Violeta Hristodoulova réinvente la maison en kit

Par Olivier Mirguet, à Strasbourg  |   |  1030  mots
Violeta Hristodoulova. (Crédits : DR)
Cette architecte strasbourgeoise ambitionne de vendre, en préfabriqué, clés en mains et décorées, des petites villas façonnées en Bulgarie et habillées en Alsace.

En récompensant le projet d'« Architecture modulaire efficace » (AME) au terme d'un appel à projets qui a aussi mobilisé des créateurs d'applications pour smartphone et des inventeurs de bornes de recharge pour voitures électriques, l'équipe de Tango & Scan, le concours d'innovation lancé par l'Eurométropole de Strasbourg, a couronné une représentante de l'ancienne économie. Du béton, du marbre et du bois comme matière première pour une startup !

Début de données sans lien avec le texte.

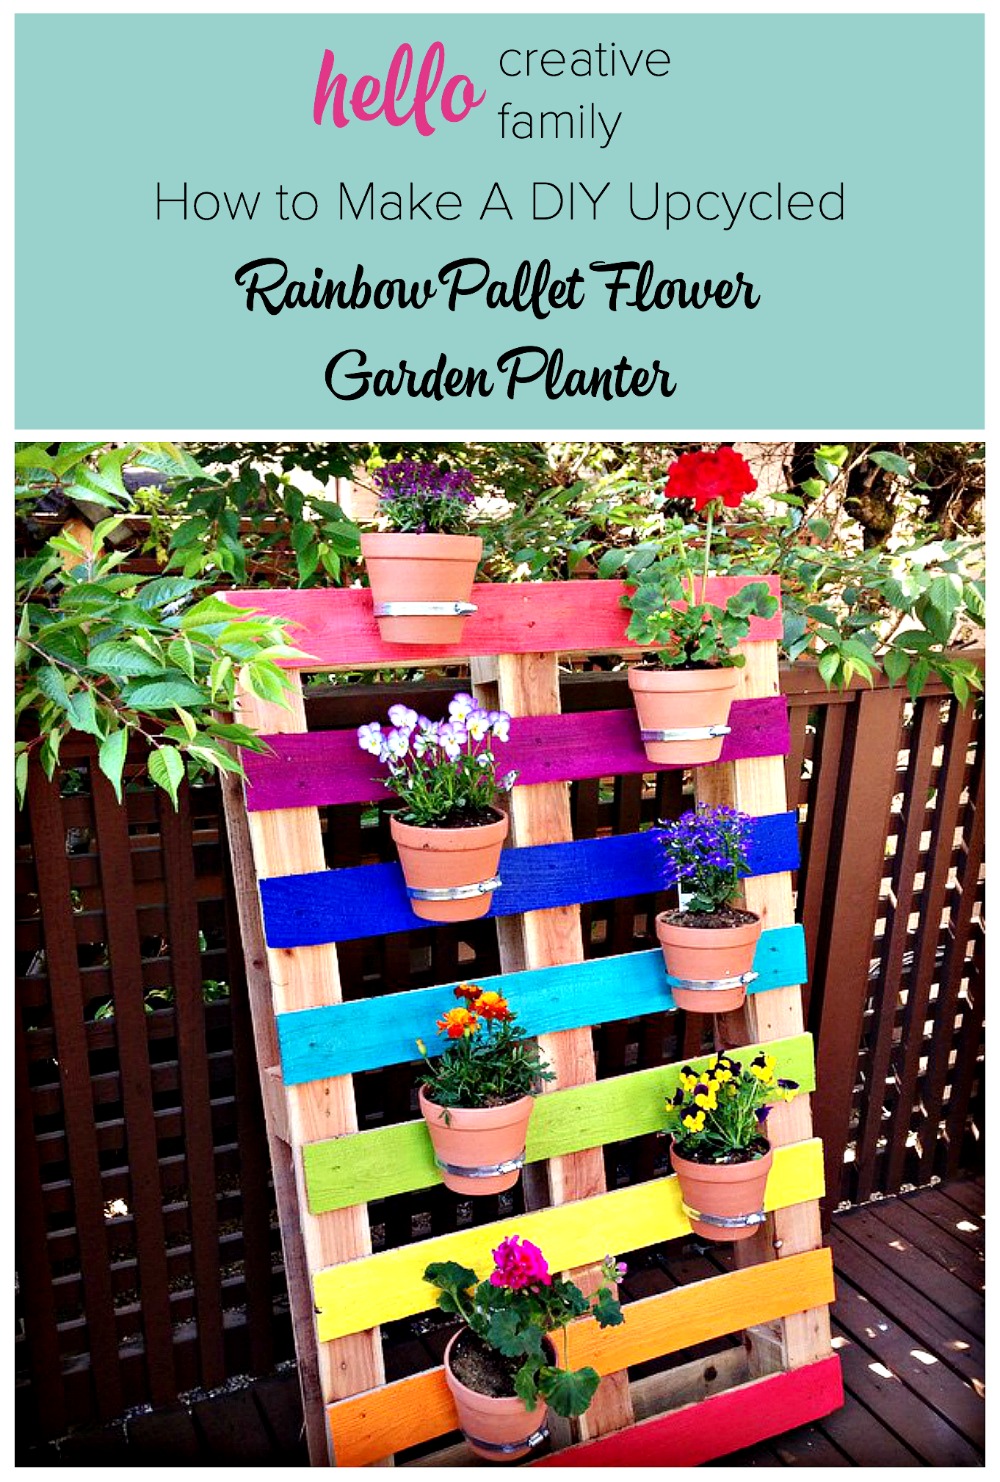 Create a bright and colorful upcycled rainbow pallet planter project with these simple instructions from Hello Creative Family. An easy and fun family weekend project that kids will love.

Le ponte entre l'Alsace et la Bulgarie

Violeta Hristodoulova, diplômée il y a huit ans de l'école locale d'architecture et fondatrice de l'agence ViO, a inventé un concept de maison contemporaine qui révolutionne l'idée de la préfabrication et joue, à fond, la carte de la libre circulation des marchandises.

« La maison est composée de deux modules qui s'emboîtent », explique cette trentenaire, dont l'élocution chantante trahit des origines bulgares.

« Les murs, l'habillage et l'équipement intérieur sont fabriqués et assemblés en Bulgarie. Les morceaux de la maison voyagent jusqu'en France sur un camion. Notre partenaire industriel alsacien assure la pose des modules, l'étanchéité et les façades extérieures, en bois », explique-t-elle.

« Entre l'Alsace et la Bulgarie, l'incidence du coût de la main-d'oeuvre est énorme. Sur un travail artisanal, on évolue dans un ratio entre 1 et 10 », reconnaît Bertrand Burger, président éponyme de l'entreprise de construction bois établie à Lièpvre, dans le Haut-Rhin.

Prestataire industriel de l'agence ViO, l'entreprise Burger & Cie (160 salariés) entend, avec le préfabriqué, compléter sa gamme écologique à ossature bois lancée en 2011. Au catalogue cet été, la maison AME Studio (27 mètres carrés) proposera des finitions luxueuses.

« On a un parquet en chêne massif, un habillage en pierre naturelle des murs de la salle de bains et un insert de cheminée intégré », détaille Violeta Hristodoulova, adepte du design « cosy ».

Vendu autour de 130.000 euros clés en mains et décoré, le module s'adressera en premier lieu à des hôteliers, exploitants de gîtes puis à des clients individuels qui pourront, dans un jardin, l'intégrer comme extension autonome d'une habitation existante.

« On va essayer d'en vendre une dizaine pour amortir les calculs et le développement du prototype. Ensuite, le concept pourra évoluer vers des surfaces plus grandes, et pourquoi pas vers des variantes sur deux niveaux », imagine Oliver Hasse, associé au sein de l'agence d'architecture ViO.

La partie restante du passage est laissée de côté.